**What you should do**
Scan the data below and state how many of its lines contain the word "Black", giving only the figure.

**Records provided**
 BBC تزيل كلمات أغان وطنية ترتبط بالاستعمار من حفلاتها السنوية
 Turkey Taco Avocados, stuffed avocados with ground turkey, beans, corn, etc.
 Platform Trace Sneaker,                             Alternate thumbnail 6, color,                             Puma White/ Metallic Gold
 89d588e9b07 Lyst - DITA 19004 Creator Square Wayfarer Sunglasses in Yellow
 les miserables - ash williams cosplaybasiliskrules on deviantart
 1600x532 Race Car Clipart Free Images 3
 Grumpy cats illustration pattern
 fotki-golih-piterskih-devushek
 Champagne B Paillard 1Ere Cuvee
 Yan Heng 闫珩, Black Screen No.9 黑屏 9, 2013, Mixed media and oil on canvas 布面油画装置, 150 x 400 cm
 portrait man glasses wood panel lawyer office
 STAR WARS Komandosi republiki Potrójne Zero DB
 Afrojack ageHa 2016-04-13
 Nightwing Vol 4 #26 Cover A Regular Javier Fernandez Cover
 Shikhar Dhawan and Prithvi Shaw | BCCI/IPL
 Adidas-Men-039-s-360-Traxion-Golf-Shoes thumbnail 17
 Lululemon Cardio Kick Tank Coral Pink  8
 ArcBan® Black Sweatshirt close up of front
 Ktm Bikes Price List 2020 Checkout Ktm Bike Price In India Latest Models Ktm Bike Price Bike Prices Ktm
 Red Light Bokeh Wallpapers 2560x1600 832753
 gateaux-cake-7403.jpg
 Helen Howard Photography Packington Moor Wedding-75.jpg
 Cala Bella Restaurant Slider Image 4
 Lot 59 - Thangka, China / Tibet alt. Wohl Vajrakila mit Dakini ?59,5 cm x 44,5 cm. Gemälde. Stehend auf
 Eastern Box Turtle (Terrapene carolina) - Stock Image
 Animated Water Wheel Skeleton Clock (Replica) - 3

**Reply**
2